By carefully tuning `top_p`, you can generate outputs that are imaginative, engaging, and contextually appropriate while avoiding excessive randomness.

## Max Tokens: Limiting the Response Length

The max_tokens parameter defines the maximum number of tokens (words, punctuation, etc.) the AI can use in a single response. This allows you to control the length of the output.

- Short Outputs (e.g., 50): Useful for concise responses.
- Long Outputs (e.g., 500): Suitable for detailed explanations or stories.

In [6]:
max_tokens=50  # Short summary
max_tokens=500  # In-depth explanation


In [8]:
response = client.chat.completions.create(
  model="gpt-3.5-turbo",
  messages=[
      {"role": "user", "content": "Translate the following English text to Spanish: 'Good morning, my friend.'"},
      {"role": "assistant", "content": "Of course, here is the translation: 'Buenos días, mi amigo.'"}
  ],
  max_tokens=20
)

print(response.choices[0].message.content)


¡Claro! Aquí tienes la traducción: 'Buenos días, mi amigo.'


## n: Generating Multiple Responses

The `n` parameter specifies how many responses the model should generate. This is useful for brainstorming, comparing outputs, or selecting the best response.

In [11]:
response = client.chat.completions.create(
    model="gpt-3.5-turbo",
    messages=[{"role": "user", "content": "What are some creative project ideas?"}],
    n=3  # Generate 3 different responses
)
for i, choice in enumerate(response.choices):
    print(f"Response {i + 1}: {choice.message.content}")

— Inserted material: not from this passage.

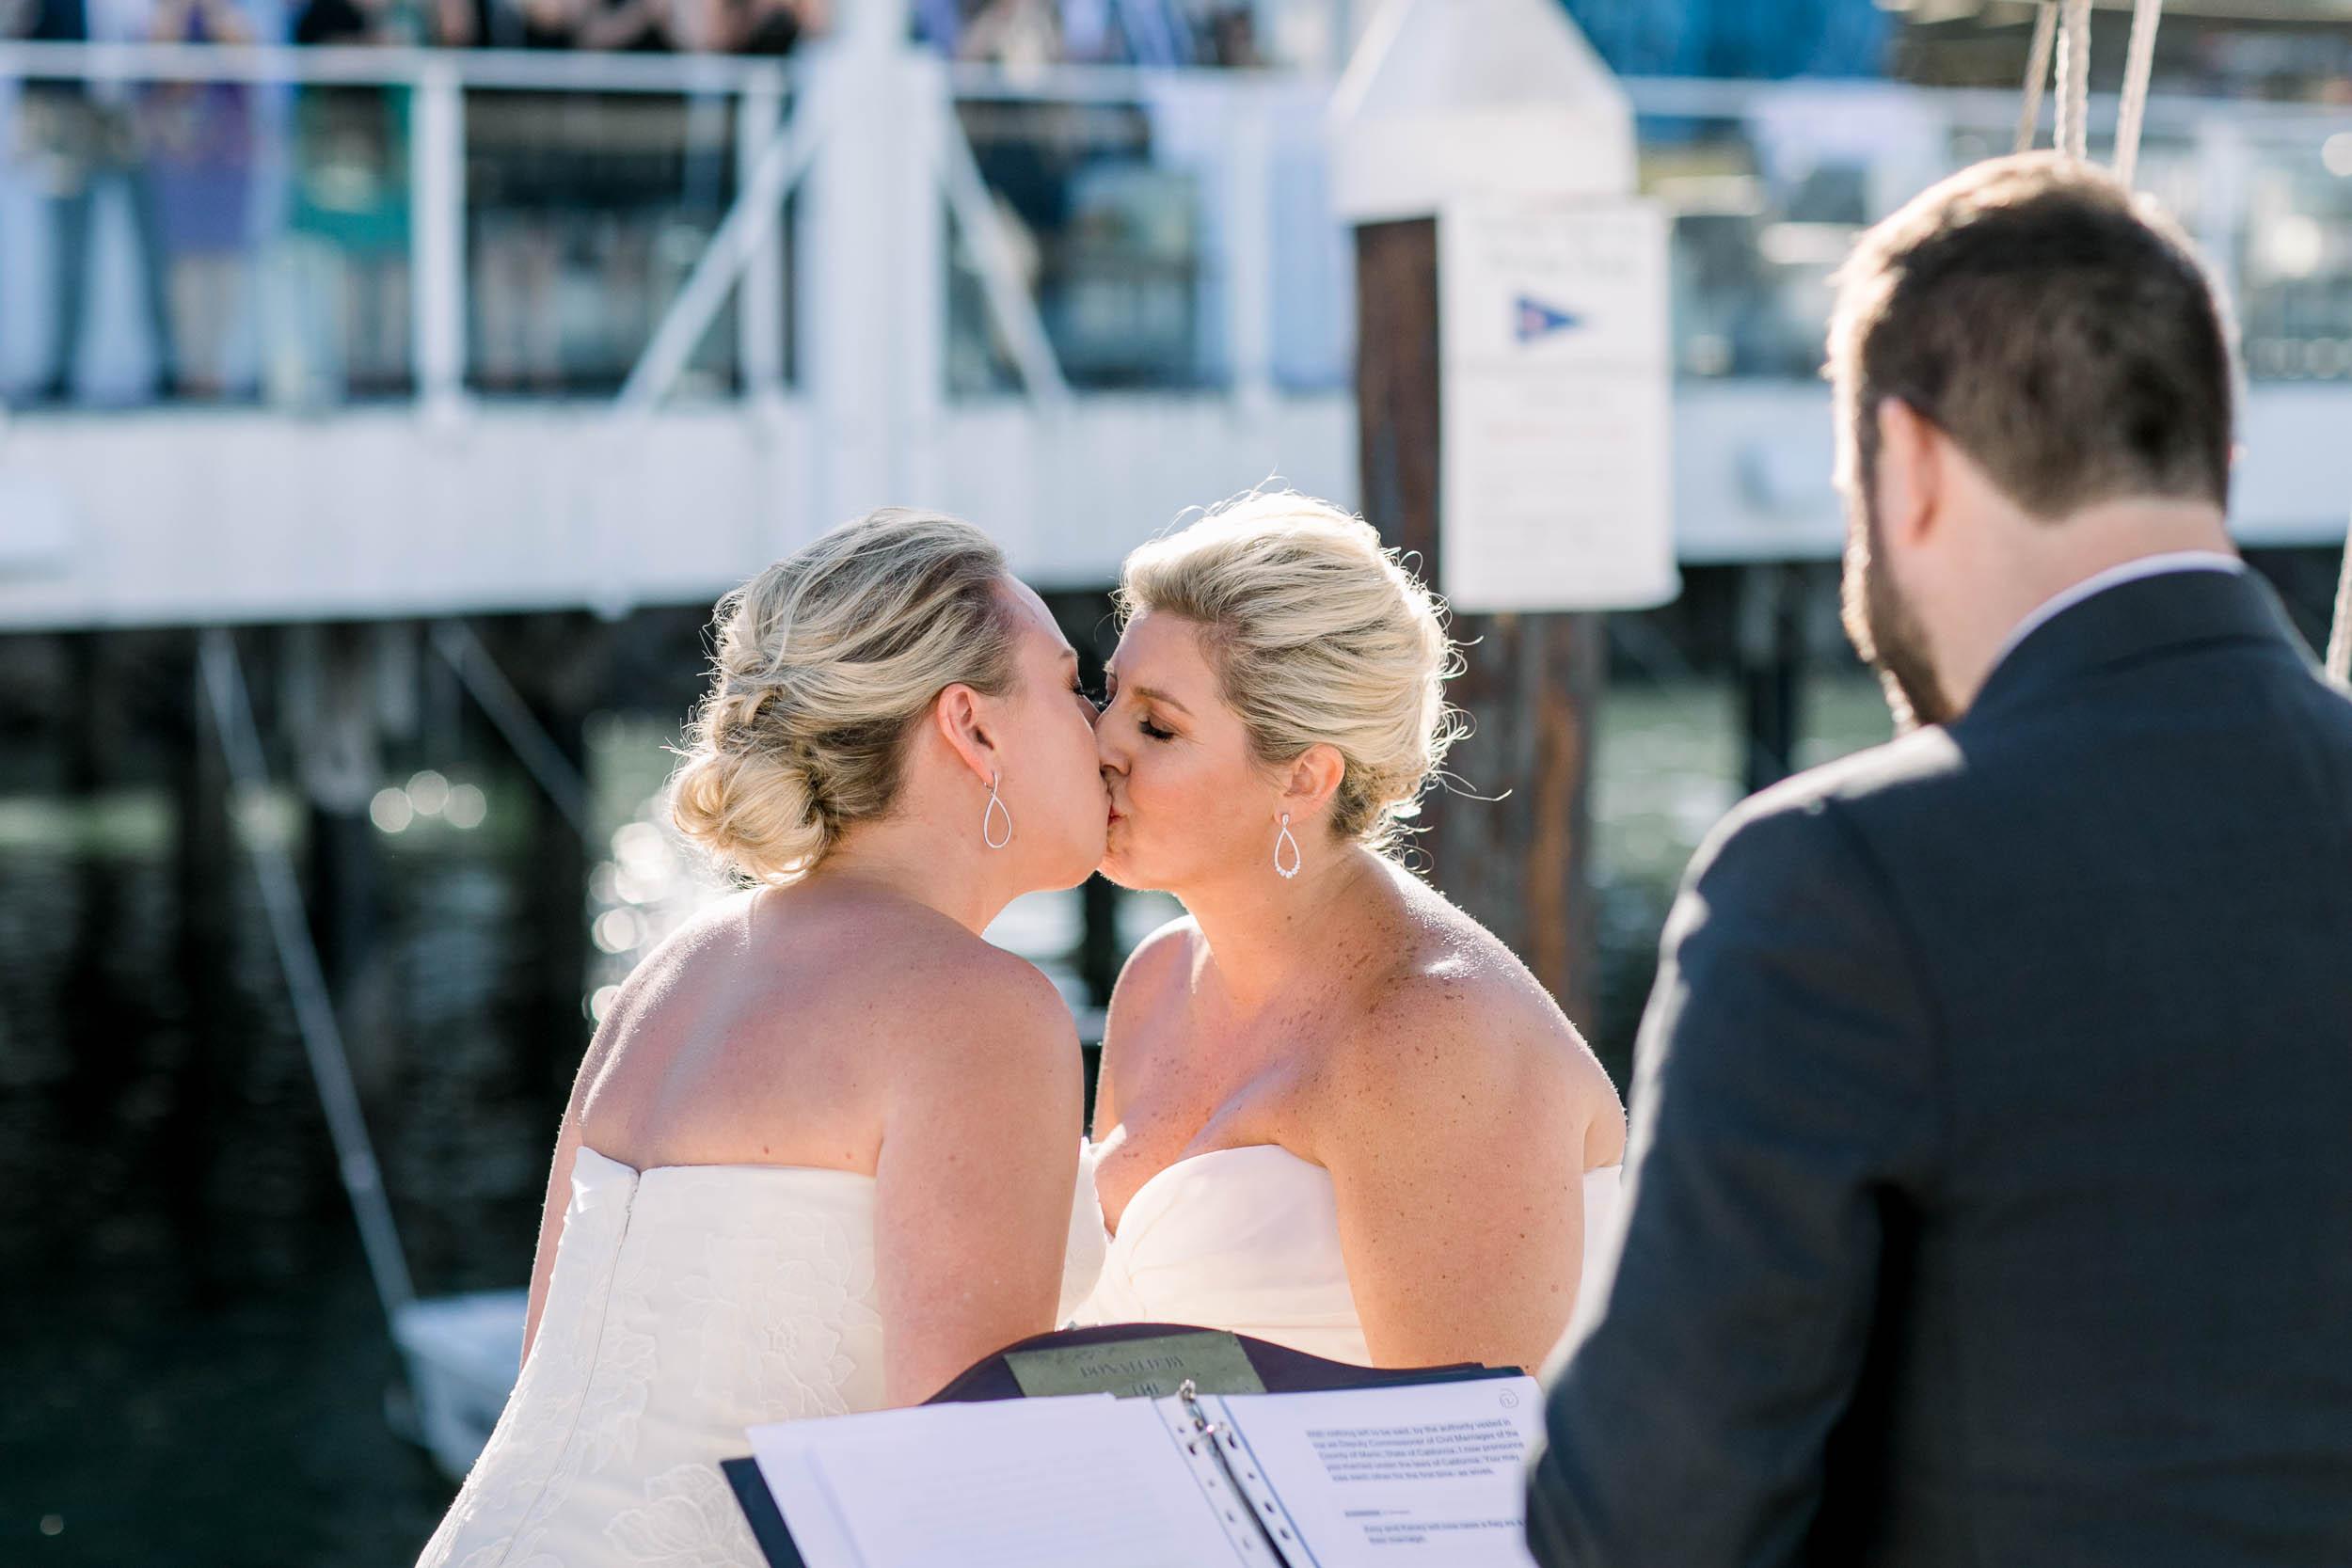 092218ER575_Sausalito Yacht Club Wedding_Buena Lane Photography.jpg

Response 1: 1. Create a photography series that explores a specific theme or concept, such as reflections or shadows.
2. Design and build a piece of interactive art that responds to viewer interaction, such as a light installation that changes colors based on sound.
3. Write and produce a short film that explores a social issue or personal experience in a unique and thought-provoking way.
4. Create a multimedia exhibition that combines visual art, music, and spoken word to tell a cohesive story or convey a specific message.
5. Organize a community art project that involves collaboration with local residents to create a large-scale mural or sculpture in a public space.
6. Design and develop a mobile app that addresses a specific need or problem in your community, such as a tool to promote sustainability or mental health awareness.
7. Curate a virtual reality experience that immerses viewers in a different world or perspective, such as a recreation of a historical event or a simulation o

## stop: Customizing Stop Conditions

The `stop` parameter lets you define sequences that will terminate the AI’s response. This is particularly useful for structured outputs like Q&A, lists, or code snippets.

_Specifying a list of stop words can help restrict the model from using certain words in its responses. Choose stop words that are relevant to your specific application._

In [12]:
stop=["\n"]  # Stops the response at a newline

In [13]:
response = client.chat.completions.create(
  model="gpt-3.5-turbo",
  messages=[
      {"role": "system", "content": "You are a helpful assistant."},
      {"role": "user", "content": "Summarize this text: The cat sat on the mat and looked at the sun."}
  ],
  stop="and"
)

print(response.choices[0].message.content)


The cat sat on the mat 


## Frequency Penalty: Controlling Repetitive Responses

The `frequency_penalty` parameter reduces the likelihood of the model repeating the same tokens. It’s a value between -2.0 and 2.0.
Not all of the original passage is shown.